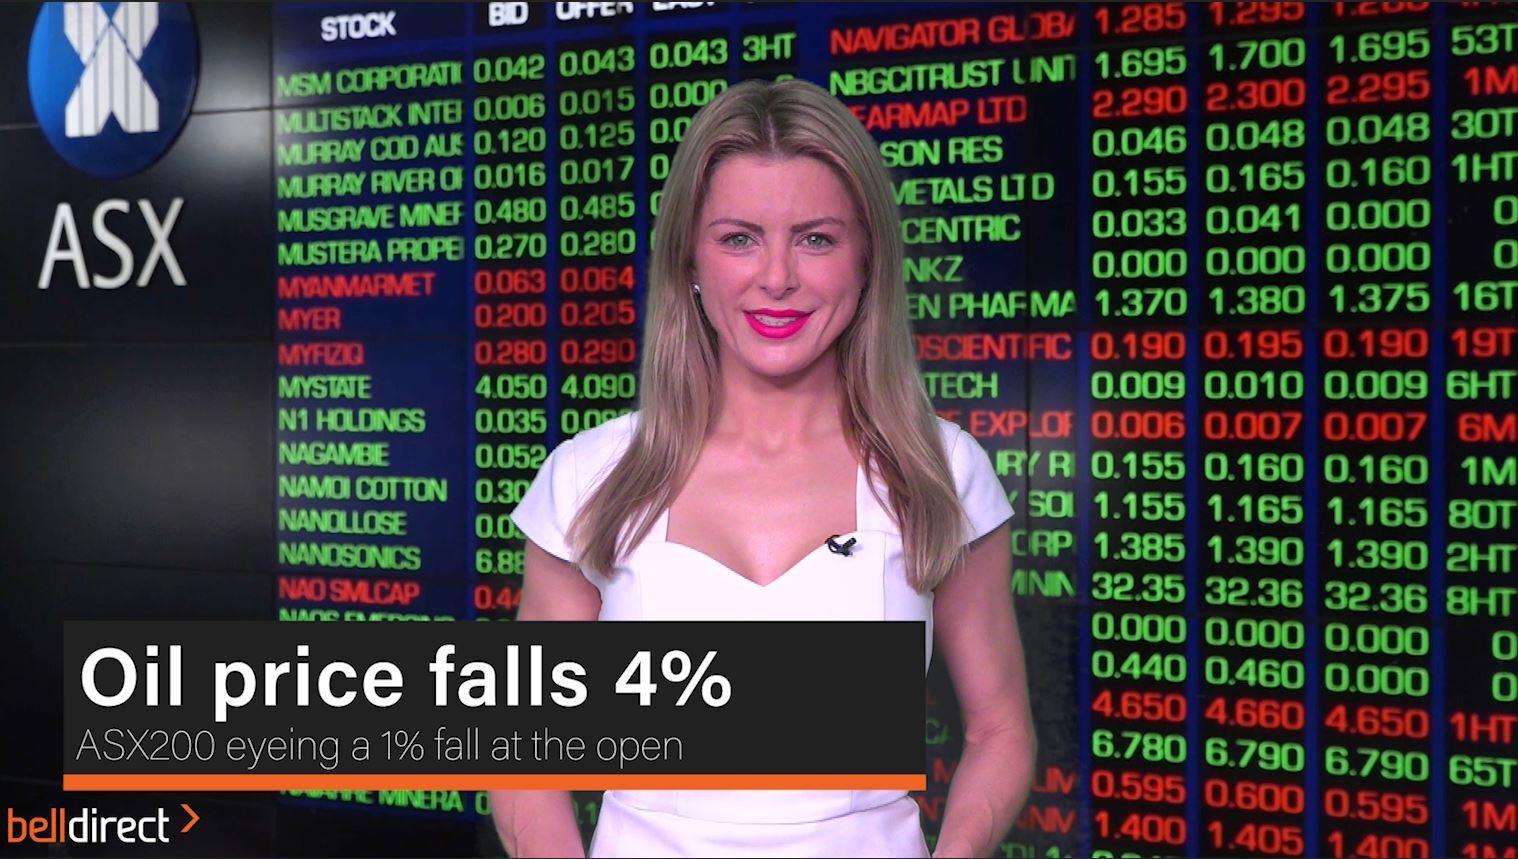 Oil price falls 4%
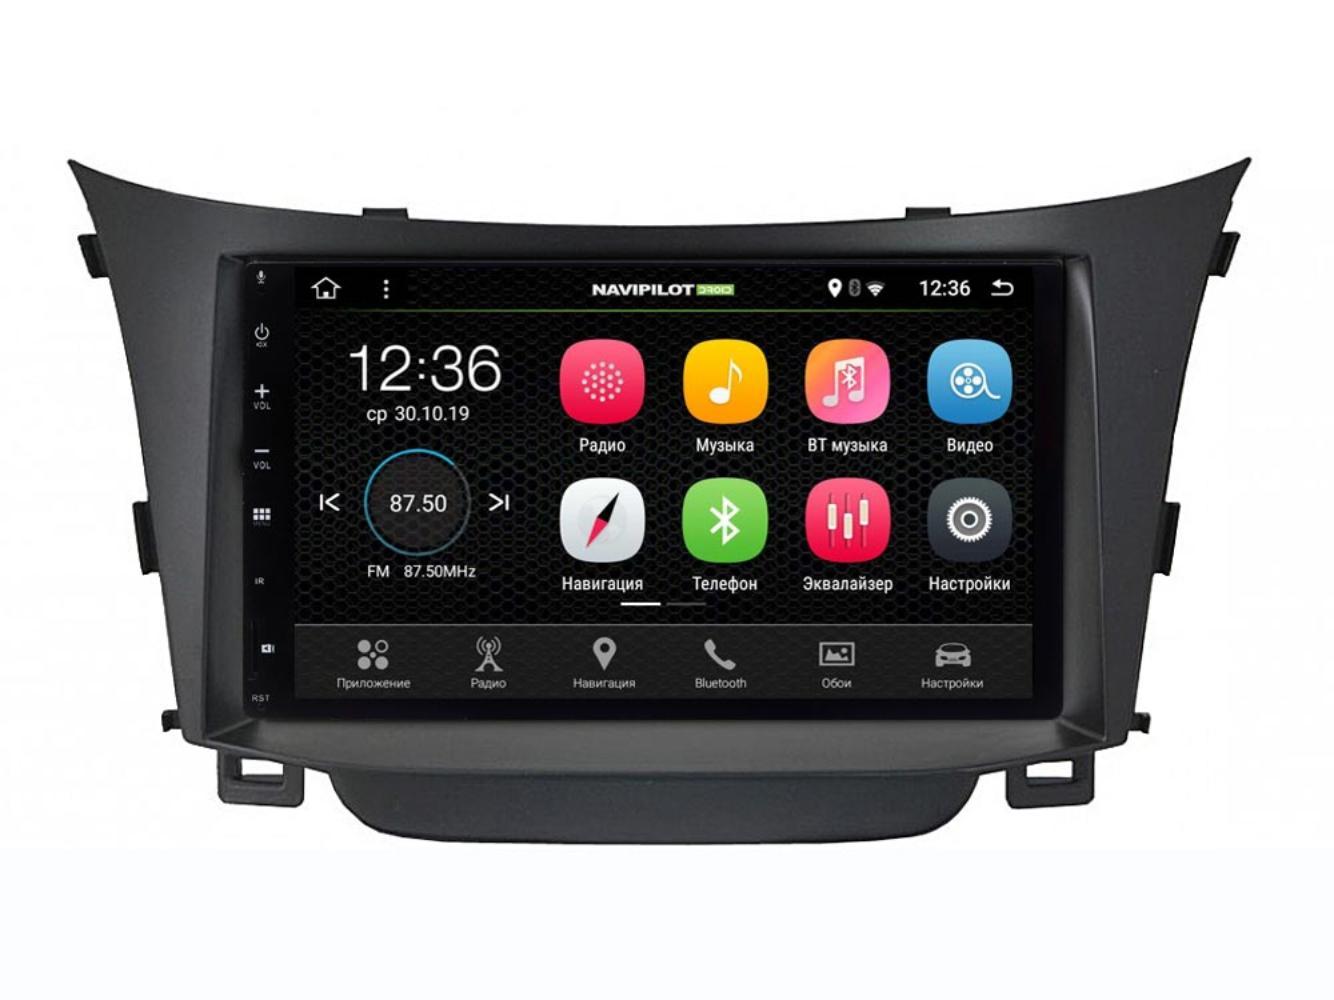 Автомагнитола NaviPilot DROID7L для Hyundai i30 2012 - 2016 (+ Камера заднего вида в подарок!)
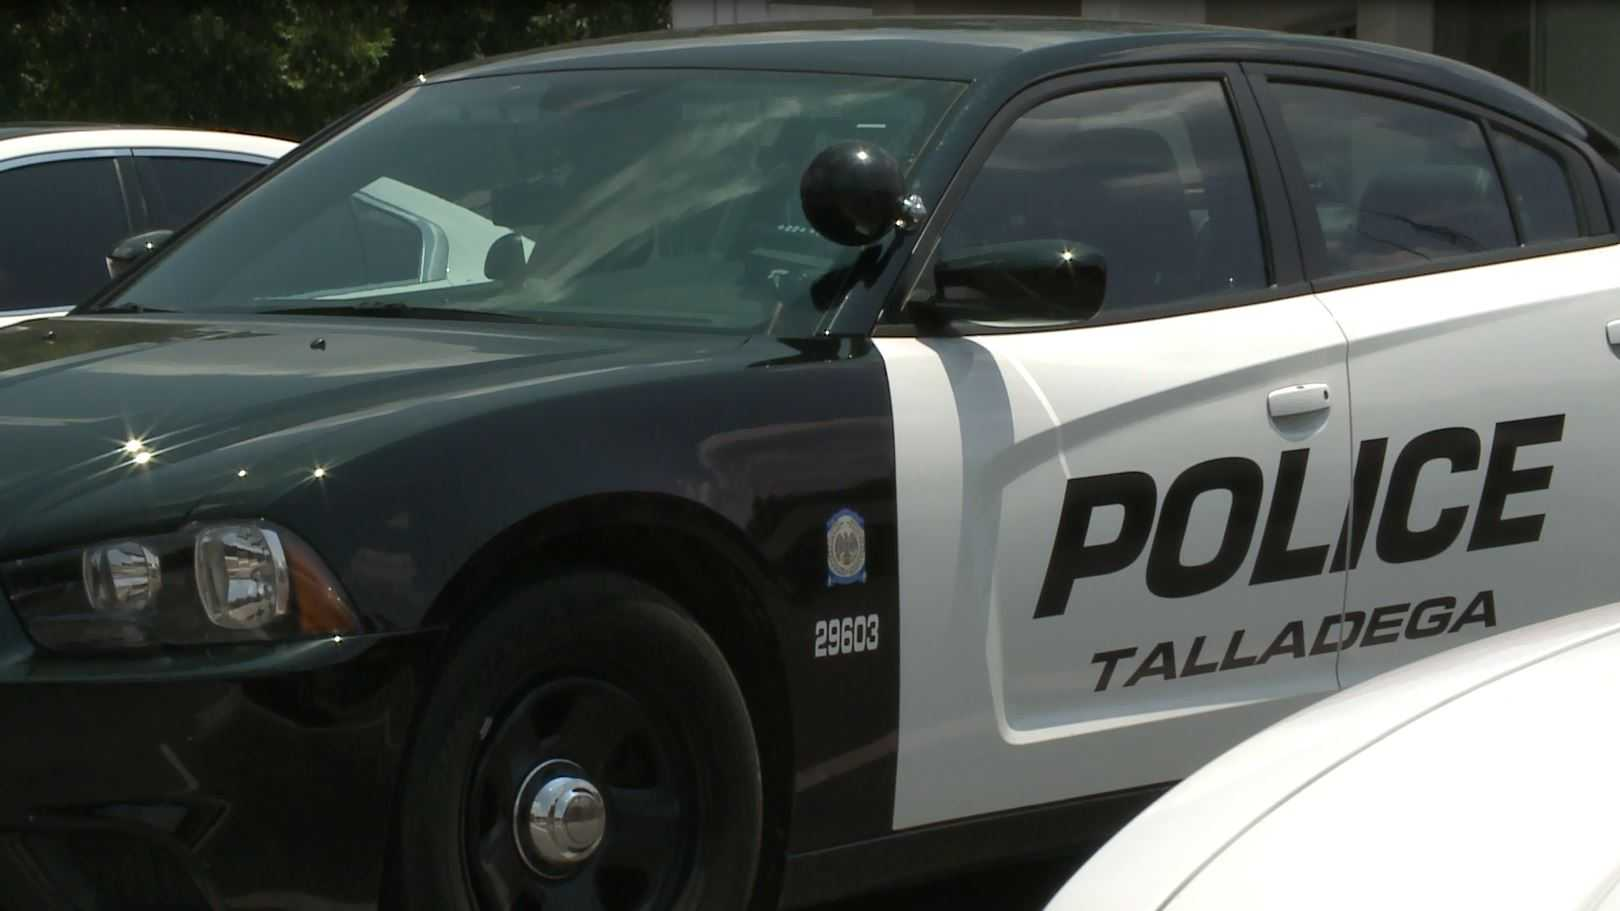 talladega police car

*Your task*.
The whole listing should be reproduced exactly. Images don't go in.

*Exercise output*.
 Oil price falls 4%
 Автомагнитола NaviPilot DROID7L для Hyundai i30 2012 - 2016 (+ Камера заднего вида в подарок!)
 talladega police car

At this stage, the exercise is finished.